Служители и члены Сената были под стать этому объевшемуся коту, – такие же медлительные и сонные; сама атмосфера этого учреждения способствовала покою и ленивой беззаботности. Давно прошли романтические времена, когда сенаторы активно решали важнейшие государственные вопросы и осмеливались даже перечить царю, как это делал неистовый князь Яков Долгорукий, генерал-пленепотенциар-кригс-комиссар при Петре Великом. «Царю правда – лучший слуга. Служить – так не картавить; картавить – так не служить», – говорил князь Долгорукий и в своём необузданном рвении доходил до того, что рвал царские указы. Впрочем, и тогда Сенат проявлял беспечность в решении неотложных государственных дел, из коих при Петре Великом более 5 тысяч были не рассмотрены вовсе, а ещё 2 тысячи отложены на неопределённый срок.
После бурной эпохи дворцовых переворотов Сенат окончательно превратился в тихую пристань для чиновников, имеющих заслуги перед властью и получивших сенатскую должность в качестве синекуры. Бурные политические страсти были в корне чужды сему учреждению: если и были здесь горячие головы, то после года-другого пребывания в Сенате они охлаждались, покорствуя общему духу размеренности и тихого довольства.
Государь Николай Павлович относился к сенаторам с большой снисходительностью, чему причиной была важная услуга, которую они ему оказали. При вступлении Николая Павловича на престол в декабре 1825 года произошли известные беспорядки, могущие иметь роковые последствия для государя. Преисполненные мятежного западного вольнодумства негодяи восхотели в день присяги Николаю Павловичу захватить Сенат и заставить его членов отказать государю в праве на престол, – более того, вынудить сенаторов принять Конституцию (документ несвойственный и вредный для России). Однако по прибытии на Сенатскую площадь – с большим, правда, опозданием, – мятежники обнаружили здание Сената совершенно пустым. Объяснялось это просто: по случаю воскресного дня сенаторы решили собраться пораньше, быстро принять присягу новому царю и разойтись по домам, дабы не нарушать своих планов на отдых, – что и было исполнено ими.

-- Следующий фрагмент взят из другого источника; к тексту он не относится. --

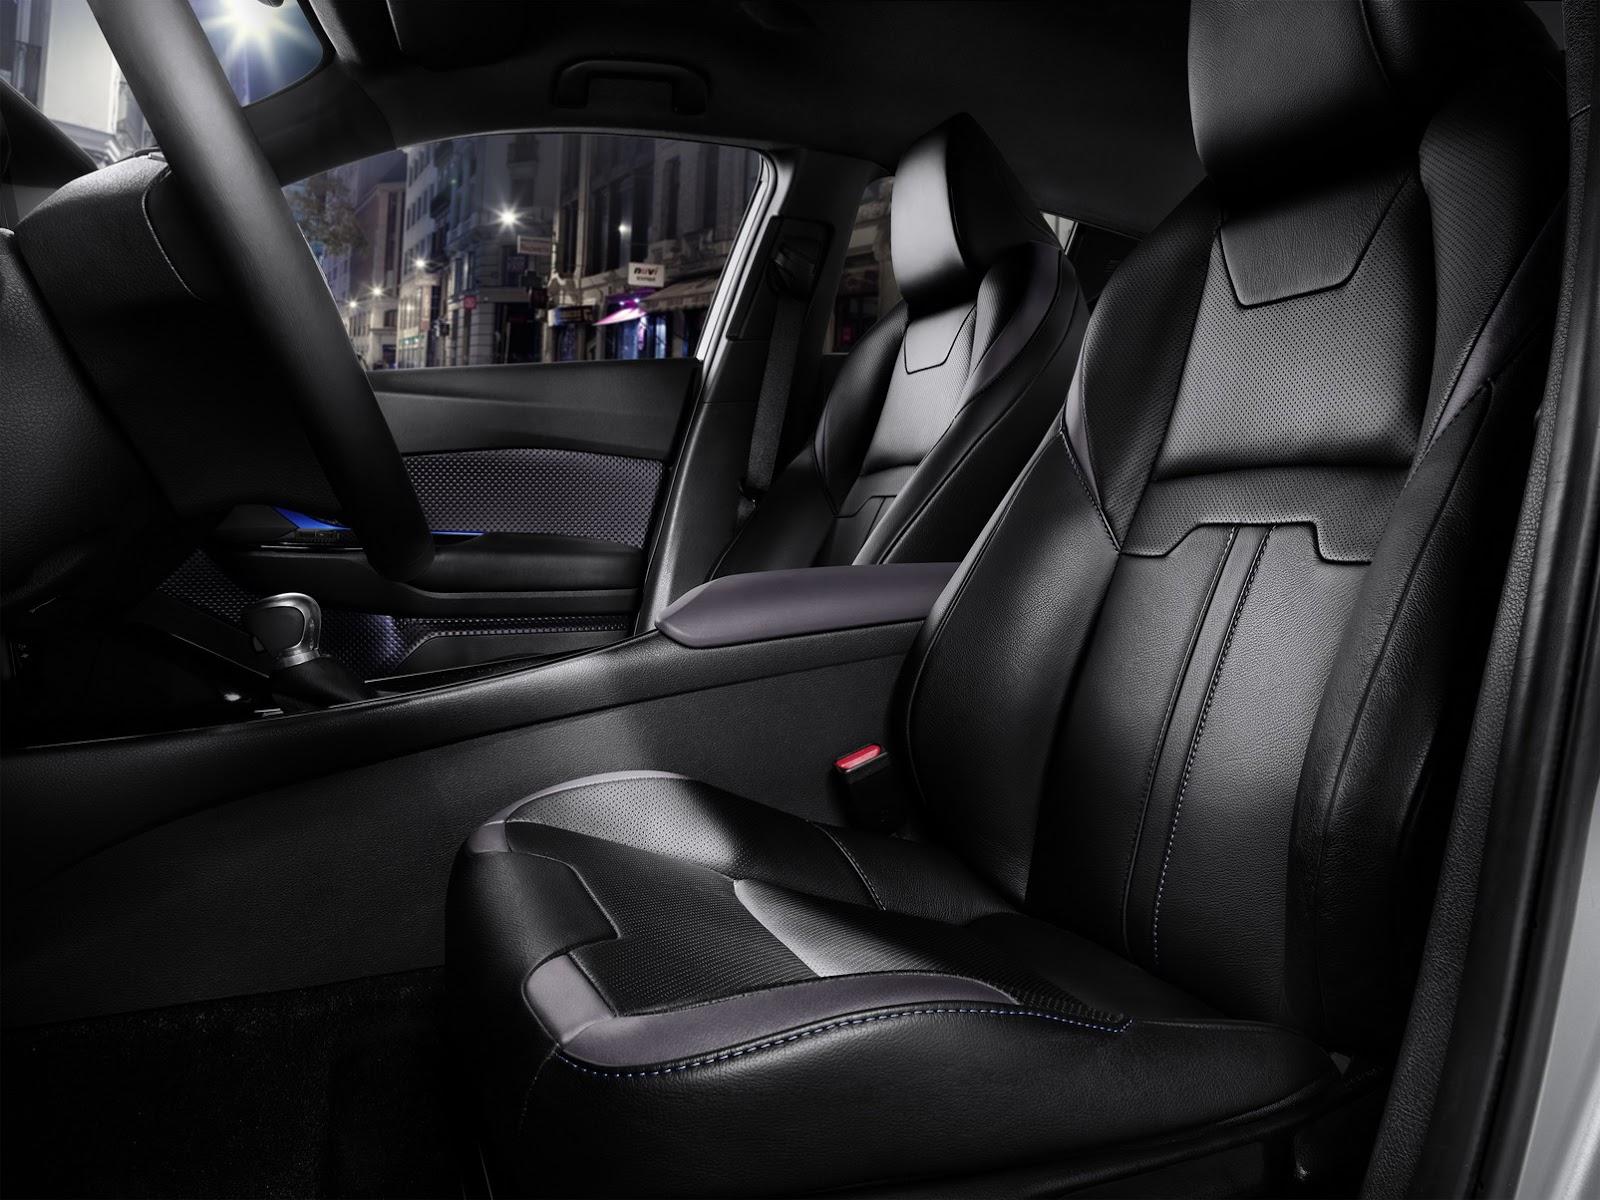 Bên cạnh đó là một số tính năng có sẵn như ghế sưởi ấm, cửa mở không cần chìa khóa, kính bảo mật, ghế bọc da một phần, hệ thống hỗ trợ đỗ xe thông minh S-IPA, la-zăng hợp kim 18 inch, sơn ánh kim 2 tông màu cùng dàn âm thanh JBL với 8 kênh, âm-ly 576 W và 9 loa.

Таким образом, планы бунтовщиков были сразу же нарушены, и это обстоятельство оказало влияние на весь дальнейший ход событий. Мятежники были столь расстроены, что простояли на Сенатской площади до вечера, не предпринимая никаких действий и лишь убив зачем-то добродушного петербургского генерал-губернатора Милорадовича, героя войны 1812 года. Между тем, пойди они на Зимний дворец, находящийся в полуверсте от Сенатской площади, неизвестно, удалось бы государю сохранить свободу и жизнь. Охрана дворца была столь малочисленной, что вряд ли она смогла бы защитить царя, – когда же подошло подкрепление, то выяснилось, что по чьей-то недопустимой халатности солдатам не выдали заряды для ружей, а когда подтянули артиллерию, то не подвезли порох для пушек. Так что жизнь Николая Павловича действительно висела на волоске, и если бы не сенаторы, которые с самого утра так сильно огорошили мятежников, что отняли у них волю к победе, исход сего рокового дня мог быть иным.
В благодарность государь многое прощал Сенату; количество неразобранных дел всё увеличивалось. Николай Павлович давно перестал удивляться этому: вскоре после начала своего царствования он поинтересовался, сколько таких дел числится за министерством юстиции (кое должно было являть пример в аккуратности и быстроте прочим государственным учреждениям). Оказалось, что 2 миллиона 800 тысяч; через некоторое время государь снова спросил о количестве дел, ждущих своего рассмотрения – ему доложили, что теперь их стало 3 миллиона 300 тысяч. Николай Павлович махнул рукой и больше не интересовался этим вопросом.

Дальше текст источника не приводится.